For three years, Bryan Weaver has been elected chair of the Adams Morgan advisory neighborhood commission. That run came to an end on Jan. 6, when he lost his re-election bid by a 4-2 vote of his fellow commissioners.
Now LL doesn’t delve too often into such parochial affairs, but this particular internecine feud carries greater significance: Weaver is currently exploring a run against his councilmember, Ward 1’s Jim Graham. And replacing him as chair is Wilson Reynolds, whose day job happens to be as Graham’s constituent affairs director.
So did Boss Graham execute a ruthless power move to force a key neighborhood critic to the margins?

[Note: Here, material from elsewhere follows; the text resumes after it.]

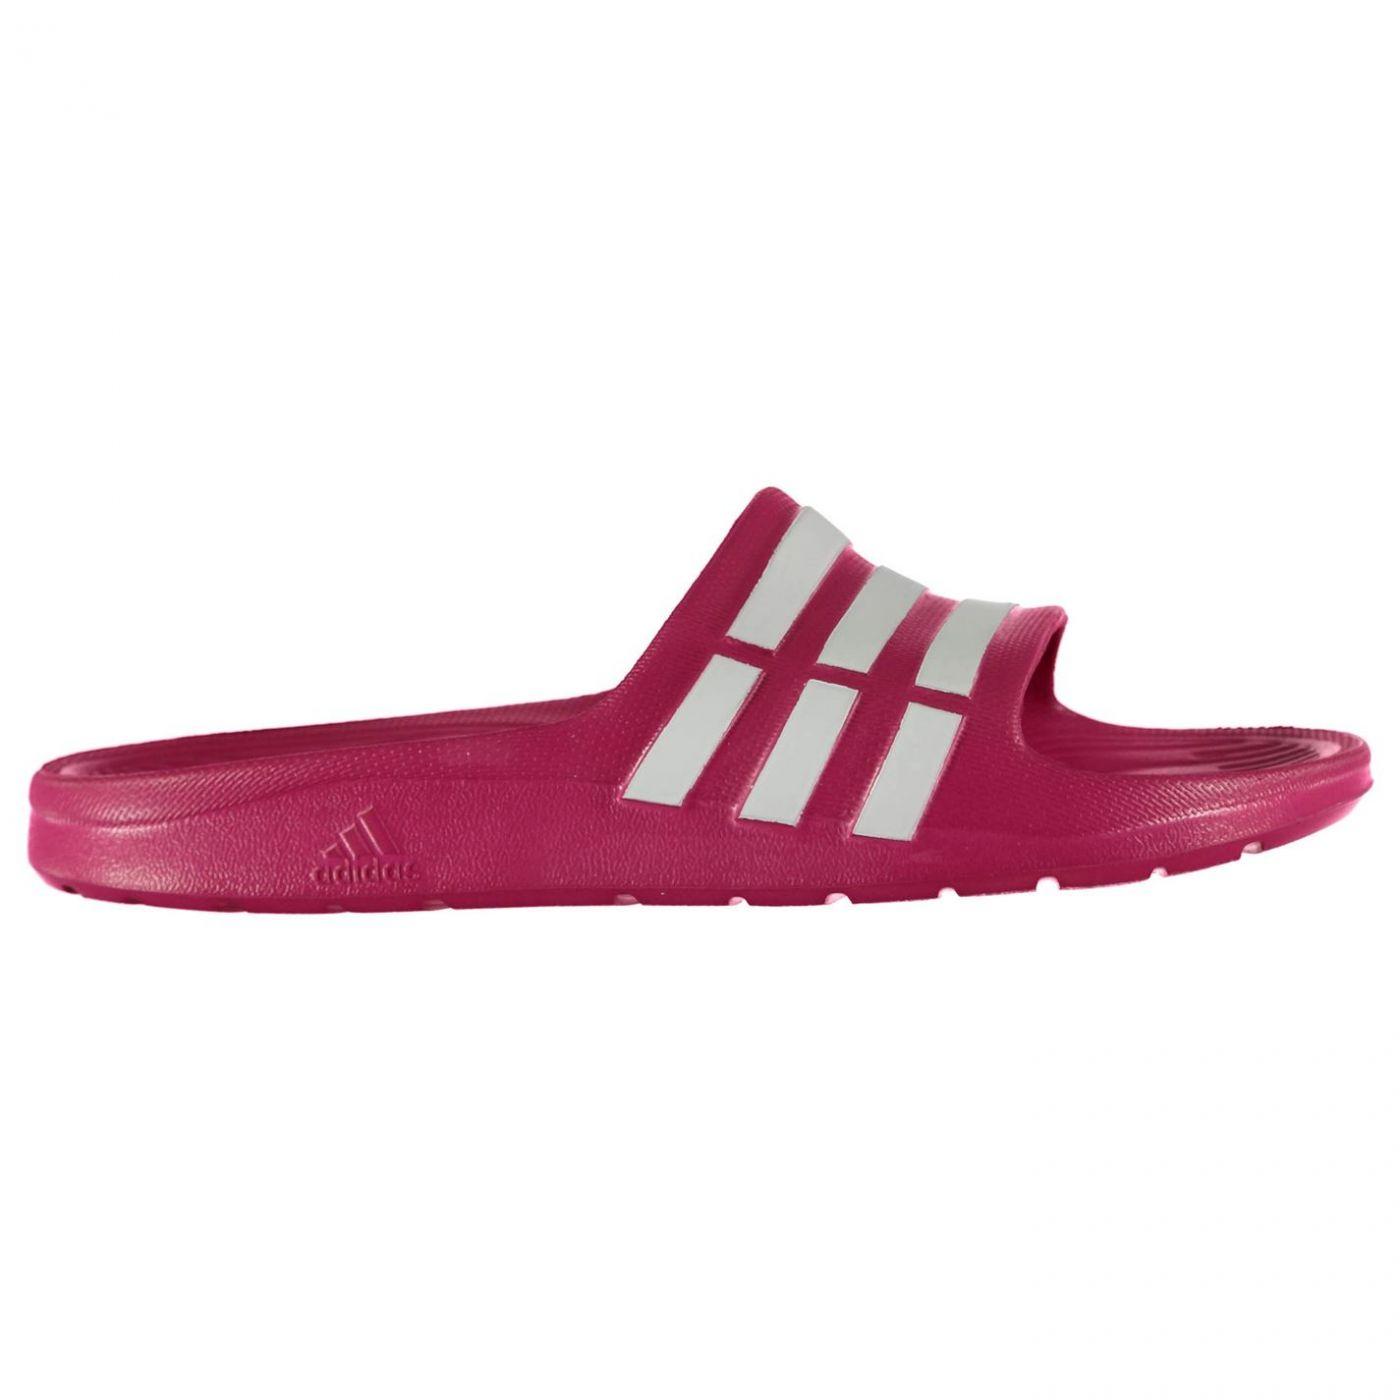 Adidas Duramo Slide Pool Shoes Girls

If so, he covered his tracks well. Graham’s spokesperson, Brian DeBose, says that “no one knew” about the move until the meeting. Reynolds says “absolutely not,” and a fellow commissioner, Nancy Shia, says that Graham had “nothing to do” with the ANC vote.
Not directly, anyway: “It hurt the commission for the chairman…to have such a contentious relationship with the councilmember. That happened long before he decided to run,” Shia says. “I believe in Rodney King: Why can’t we all just get along?”
Add to that some communications issues, she says: “Why did they think it was OK to win an election without asking anyone to vote for them?”
Weaver says he may not have actively solicited his colleagues’ votes, but he says none of the members mentioned any dissatisfaction with his continued tenure. He admits he charged hard and “was not the easiest of chairs to get along with,” but stands on his record of stepping up the commission’s activism and cleaning up its books (no small feat in ANC-dom).
Not enough for Reynolds, Shia, and two other commissioners (all listed as Graham supporters on his campaign literature), who plotted an ambush. Weaver and his vice chair, Mindy Moretti, found out about their plan to unseat them not more than five minutes before the meeting began.
Though Weaver realized he didn’t have the votes, he went through with the roll call anyway. “I thought I would give them a certain amount of satisfaction in knocking me off and let them know that I’m not fazed by it,” he explains.